- [The task]:
Pictures left aside, return the lines below exactly, from the one with "KATE SPADE NEW" to the end, including both ends.

**** Source material

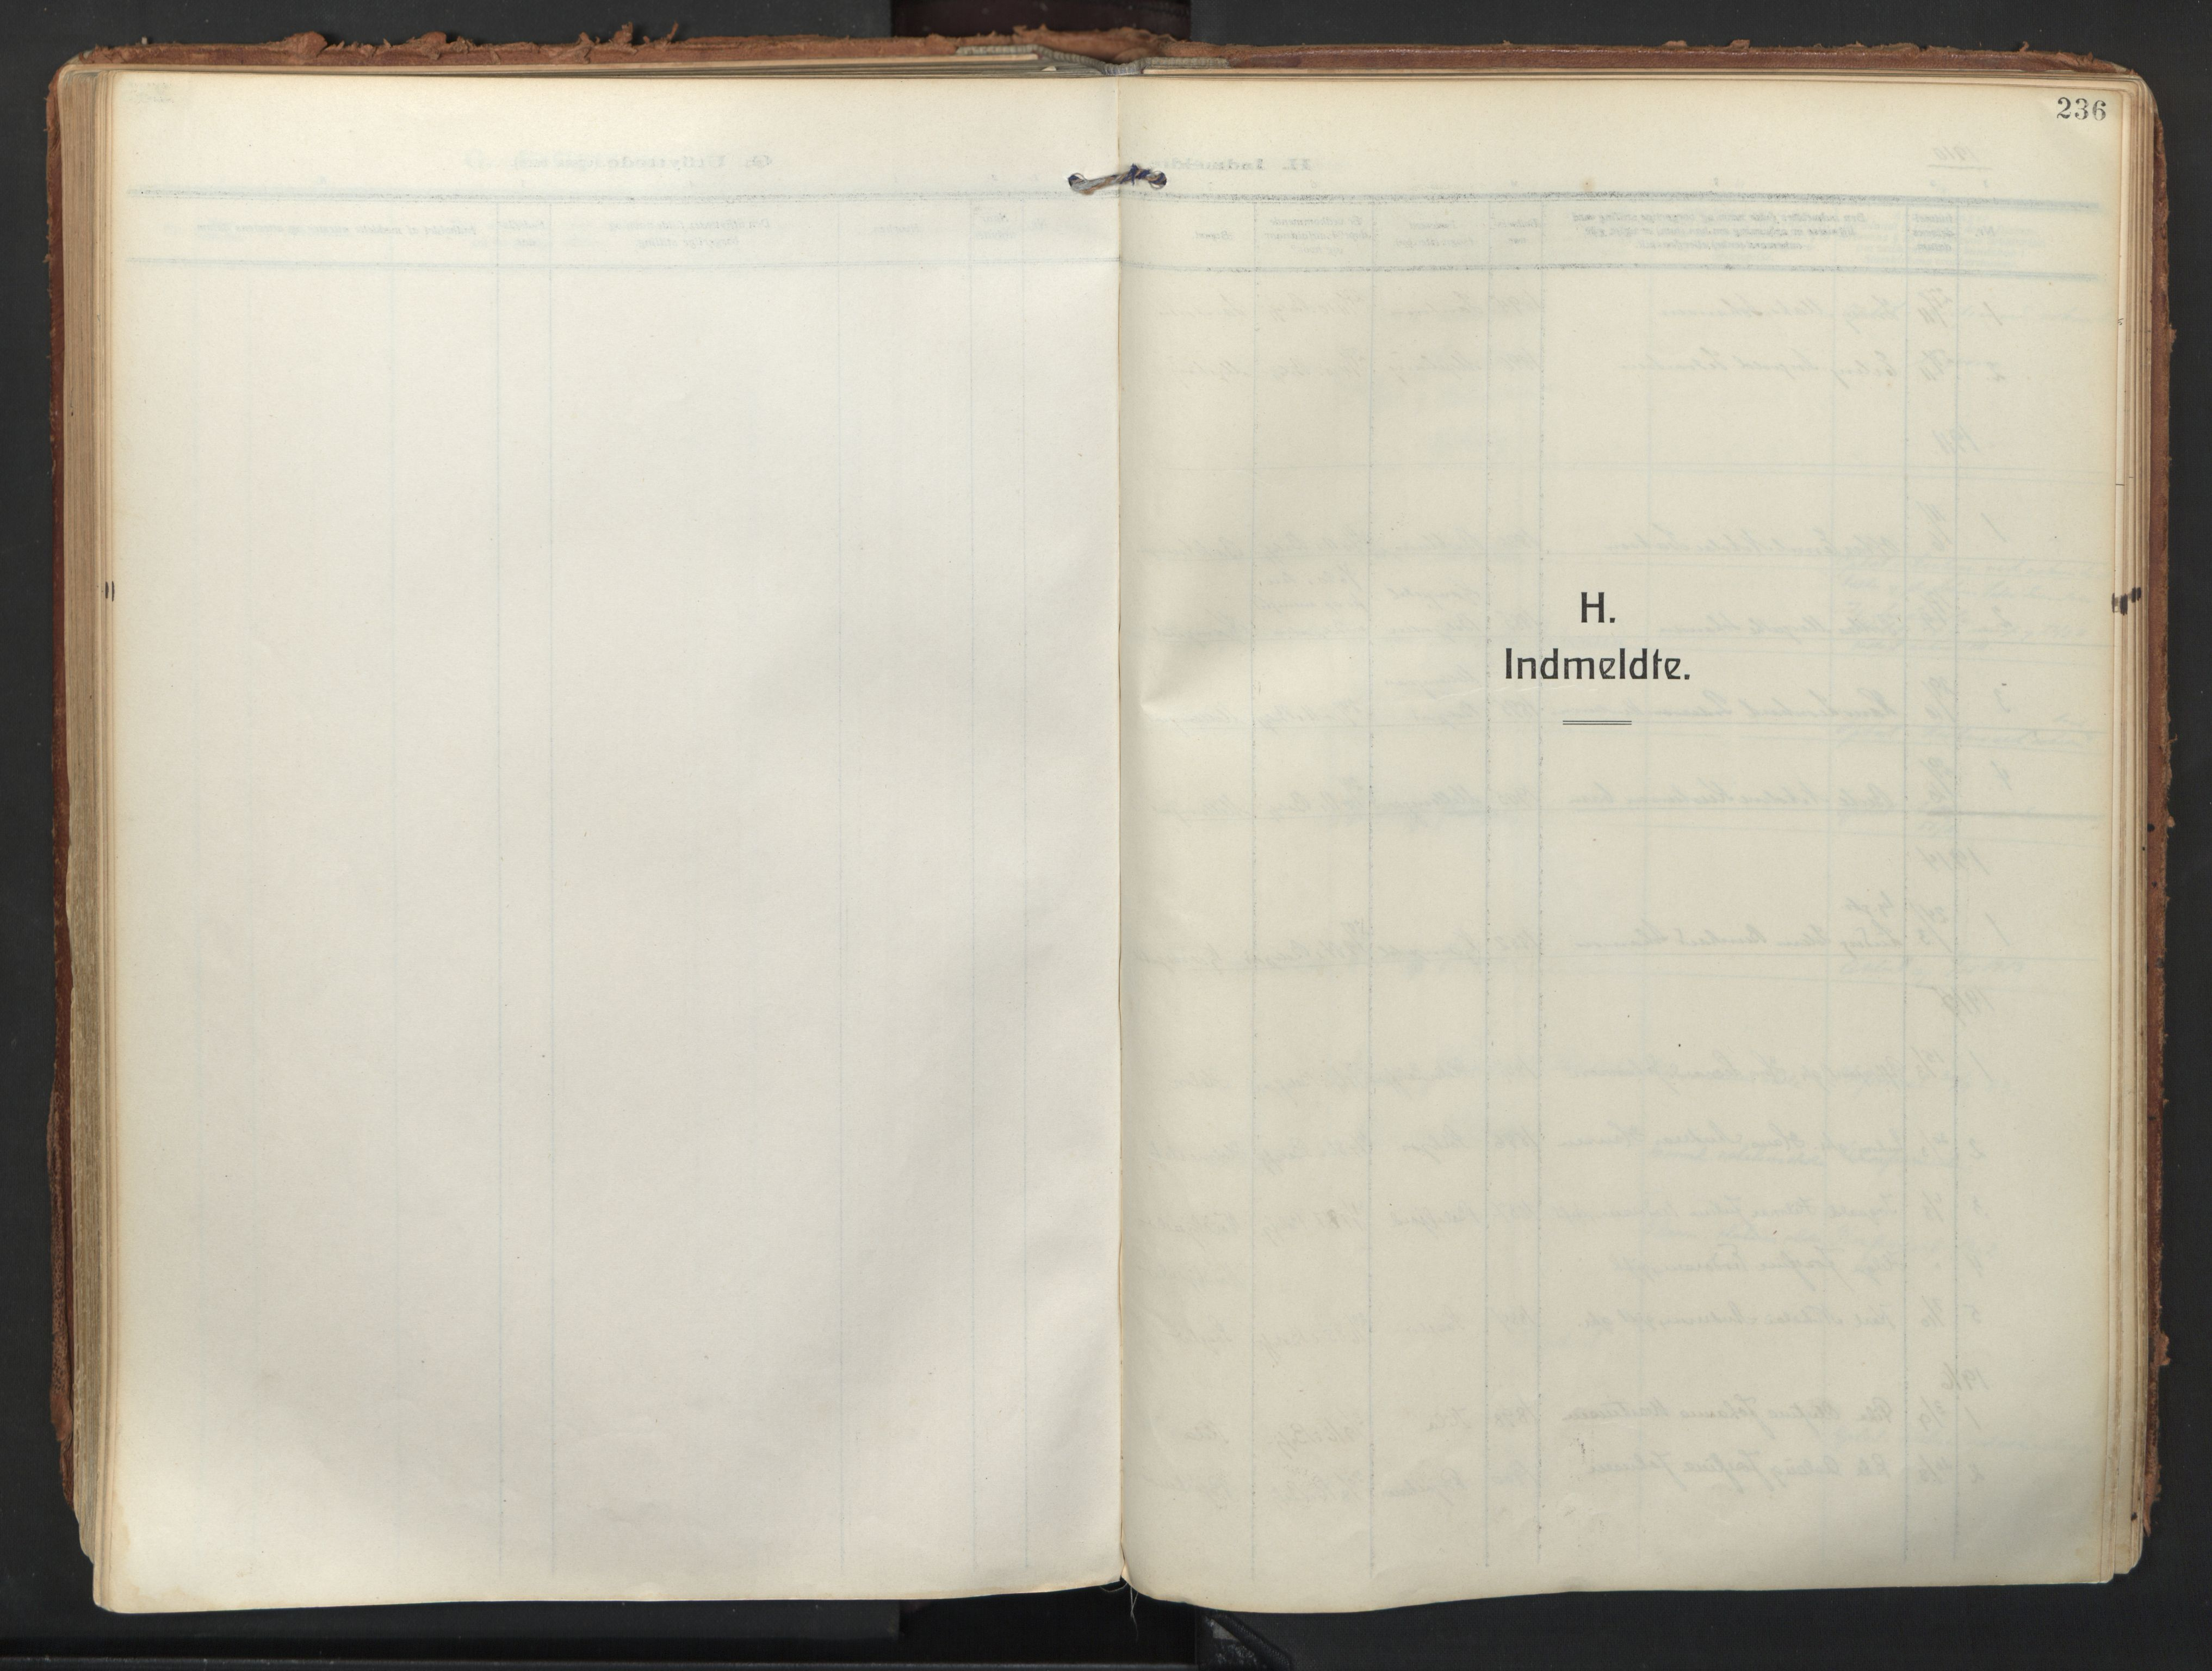 SATØ, Balsfjord sokneprestembete, Parish register (official) no. 9, 1909-1921, p. 236
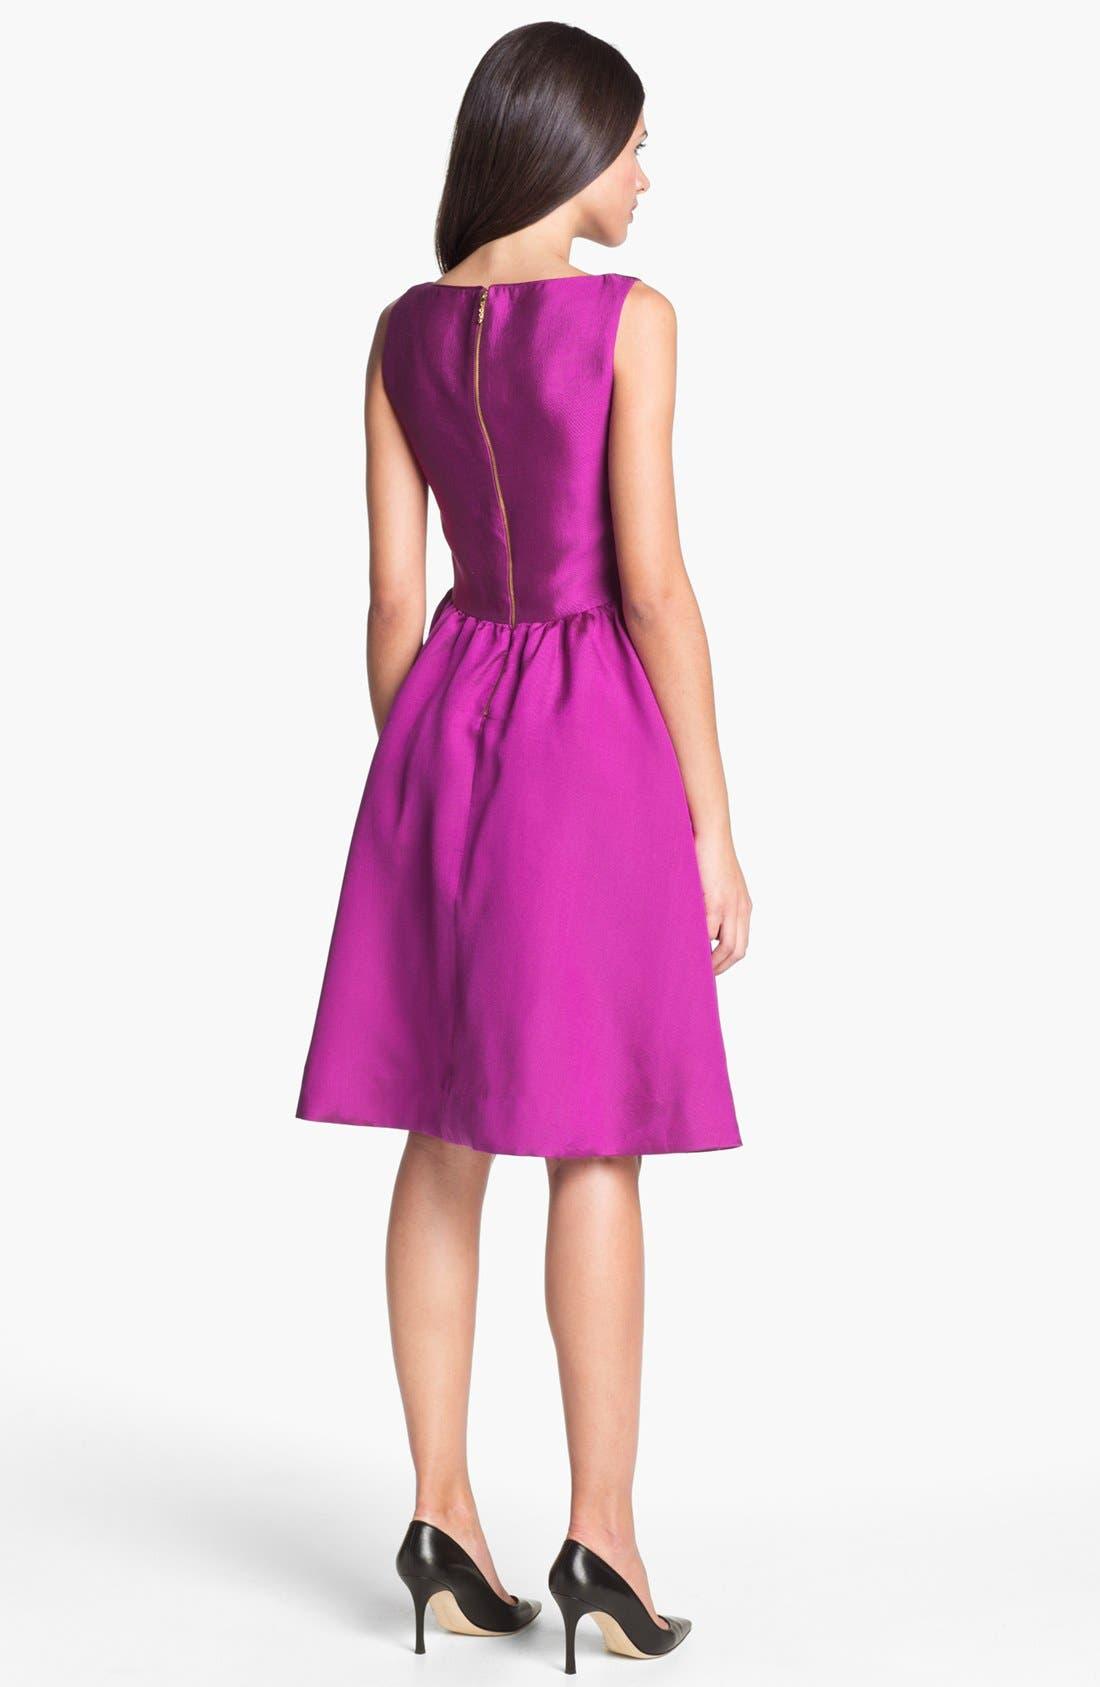 KATE SPADE NEW YORK, 'landry' silk blend fit & flare dress, Alternate thumbnail 3, color, 500
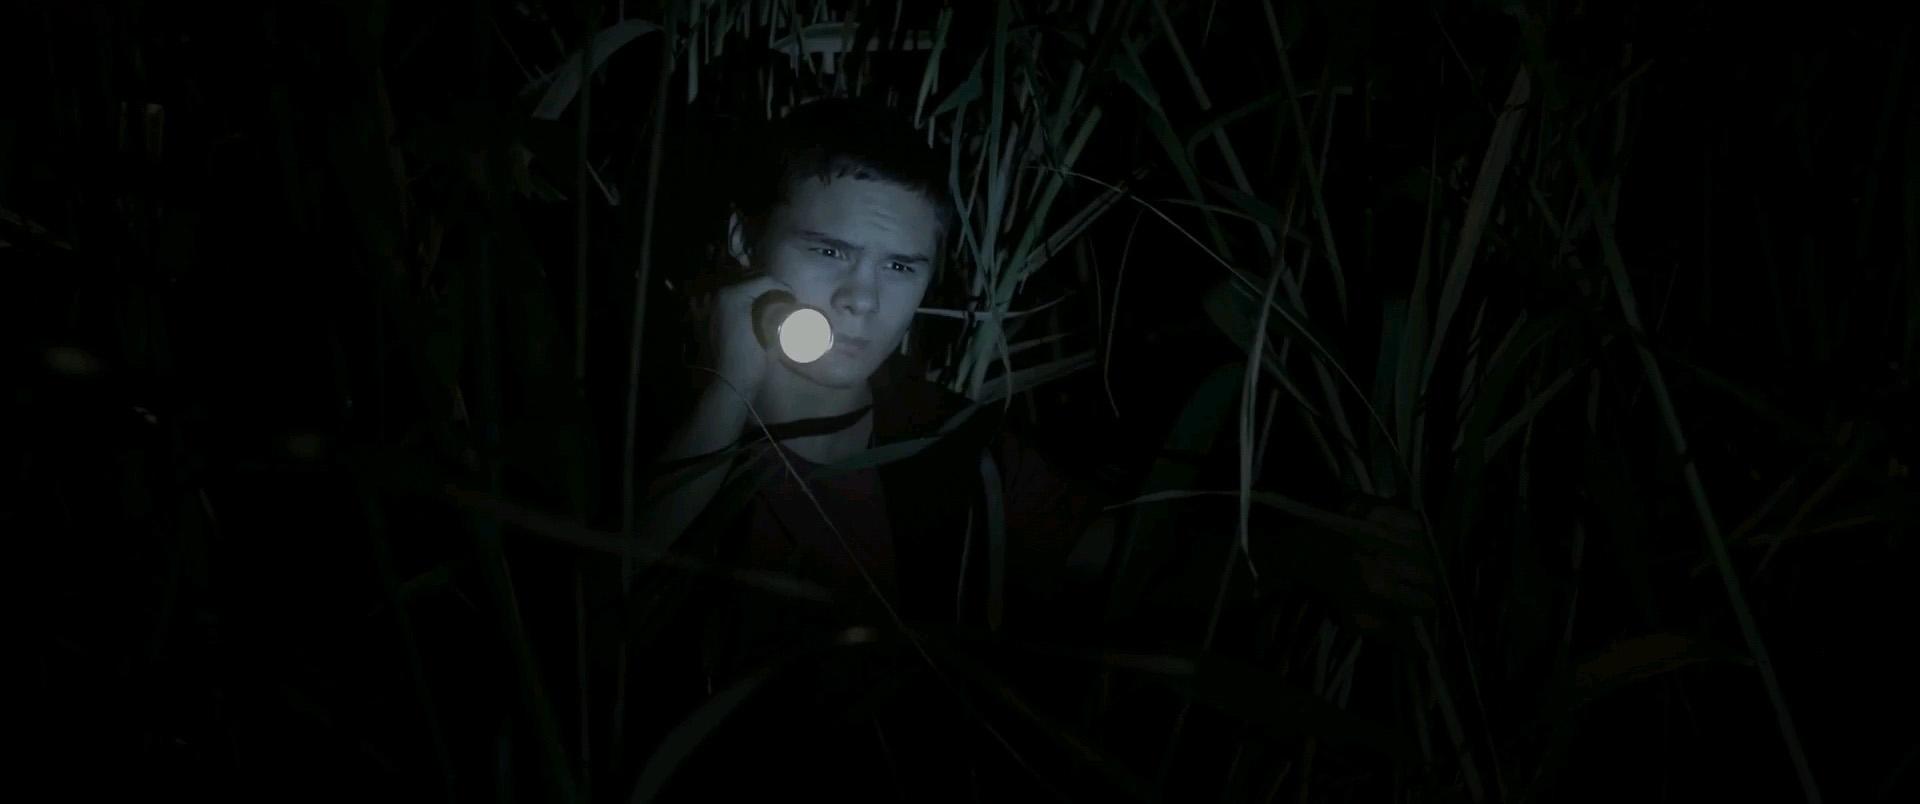 Daha | 2018 | Yerli Film | NF | WEB-DL | XviD | Sansürsüz | 1080p - m720p - m1080p | WEB-DL | Tek Link

********

- [Solution to this problem]:
 KATE SPADE NEW YORK, 'landry' silk blend fit & flare dress, Alternate thumbnail 3, color, 500
 Daha | 2018 | Yerli Film | NF | WEB-DL | XviD | Sansürsüz | 1080p - m720p - m1080p | WEB-DL | Tek Link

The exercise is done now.